▶ _Dataset extract_:
※ ※ ※
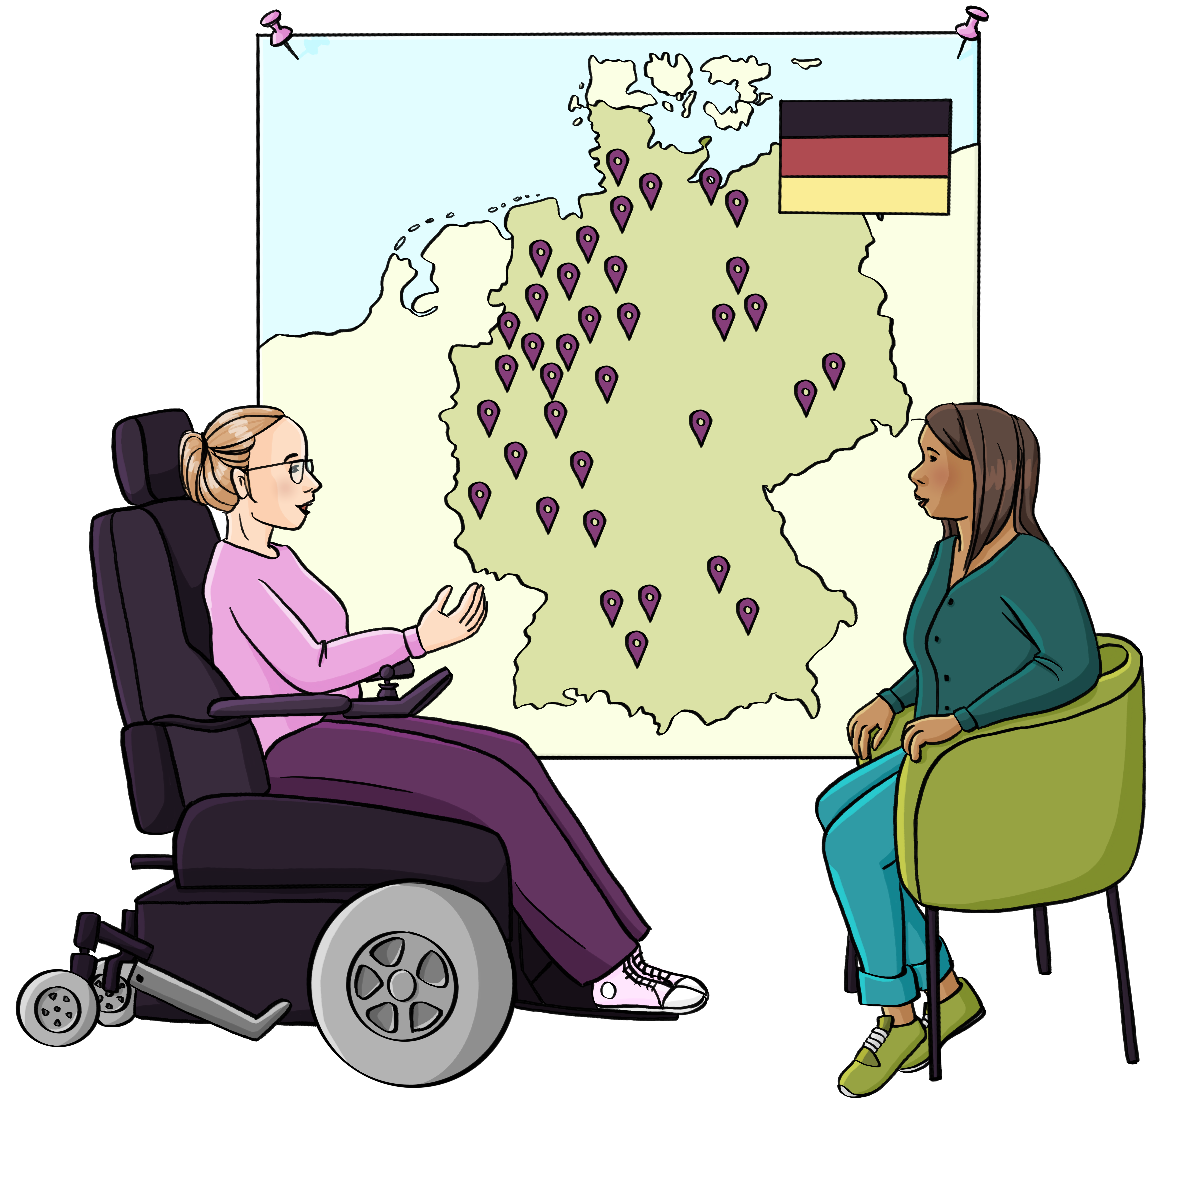 Eine Frau im Elektrorollstuhl und eine andere Frau sitzen sich gegenüber. An der Wand hängt eine große Deutschlandkarte mit vielen kleinen Markierungen.
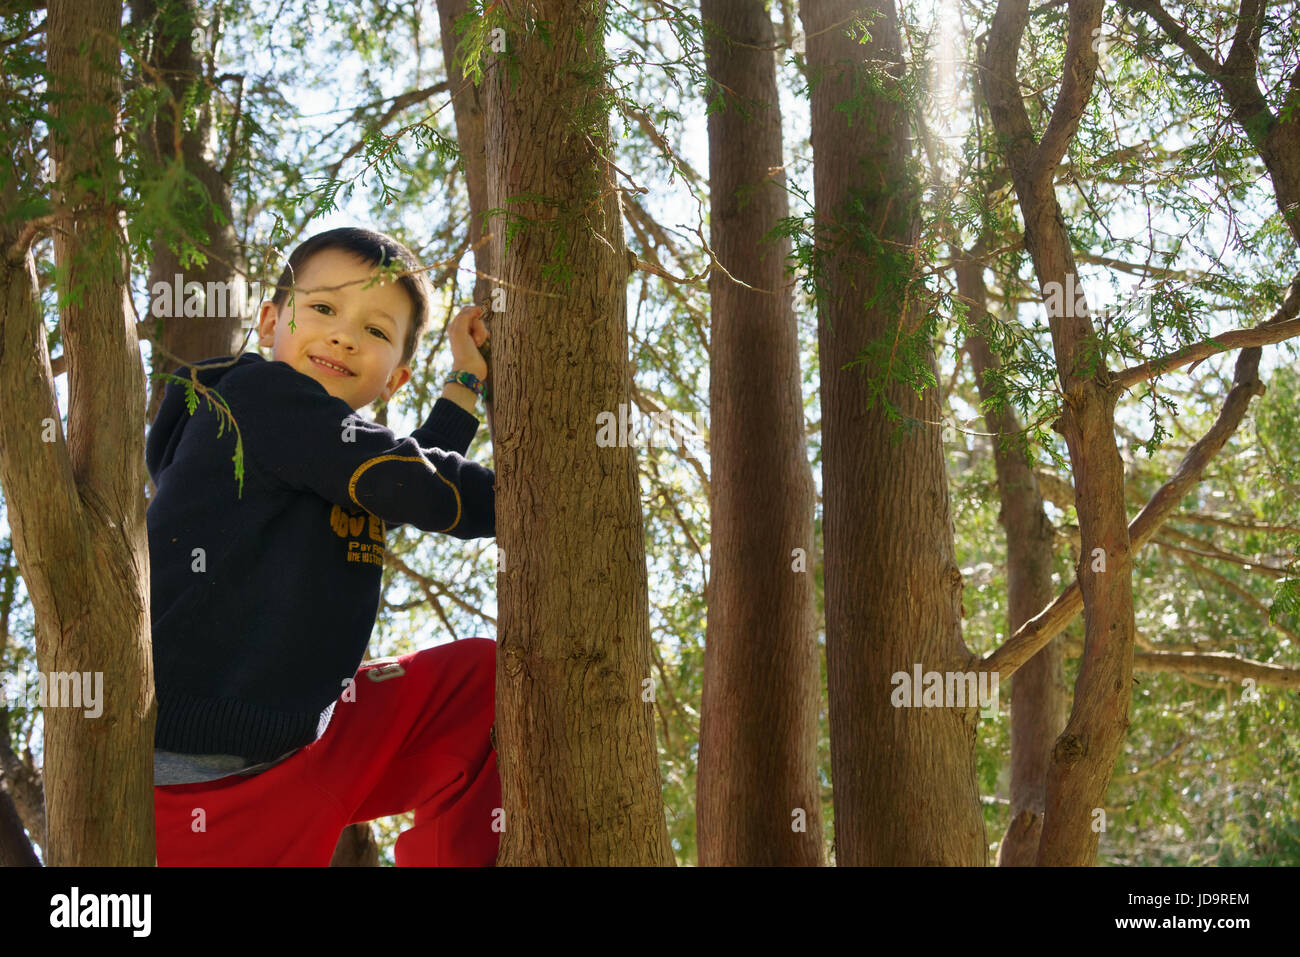 Smiling Young boy climbing tree en extérieur avec du soleil à travers les arbres. Banque D'Images
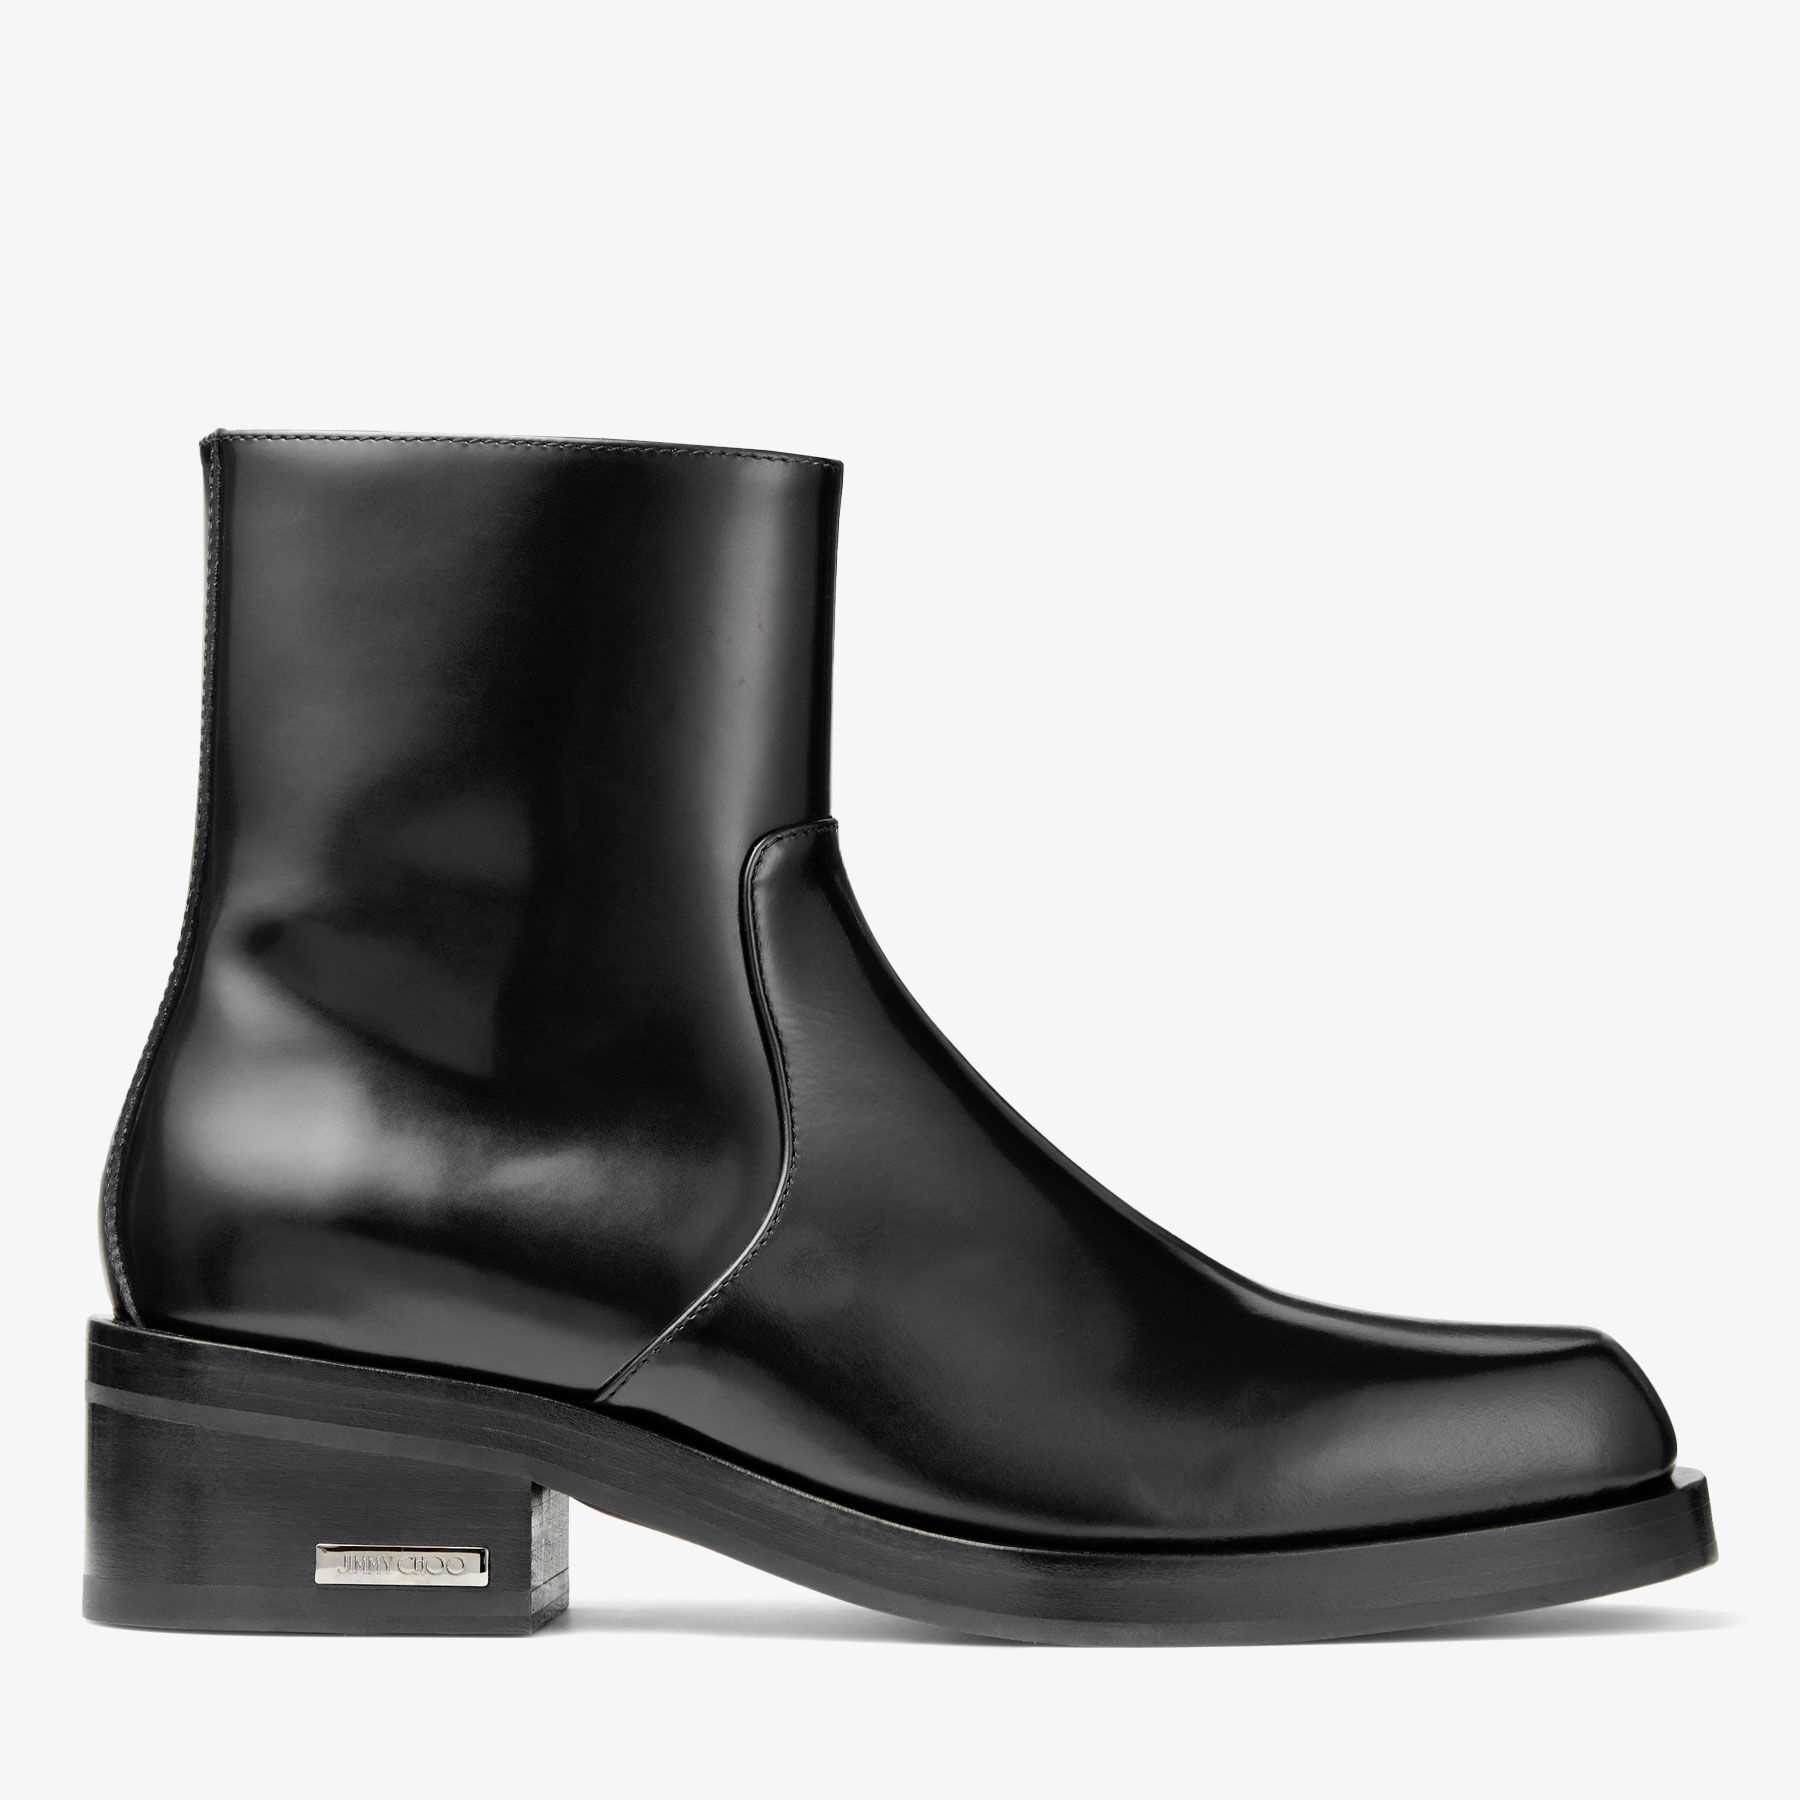 Elias Zip Boot
Black Calf Leather Zip Boots - 1
※ ※ ※
▶ _Task to carry out_: Only the lines from the beginning of the listing up to and including the line with "Elias Zip Boot" should appear in the reply, copied word for word and free of pictures.

▶ _Response area_:
 Eine Frau im Elektrorollstuhl und eine andere Frau sitzen sich gegenüber. An der Wand hängt eine große Deutschlandkarte mit vielen kleinen Markierungen.
 Smiling Young boy climbing tree en extérieur avec du soleil à travers les arbres. Banque D'Images
 Elias Zip Boot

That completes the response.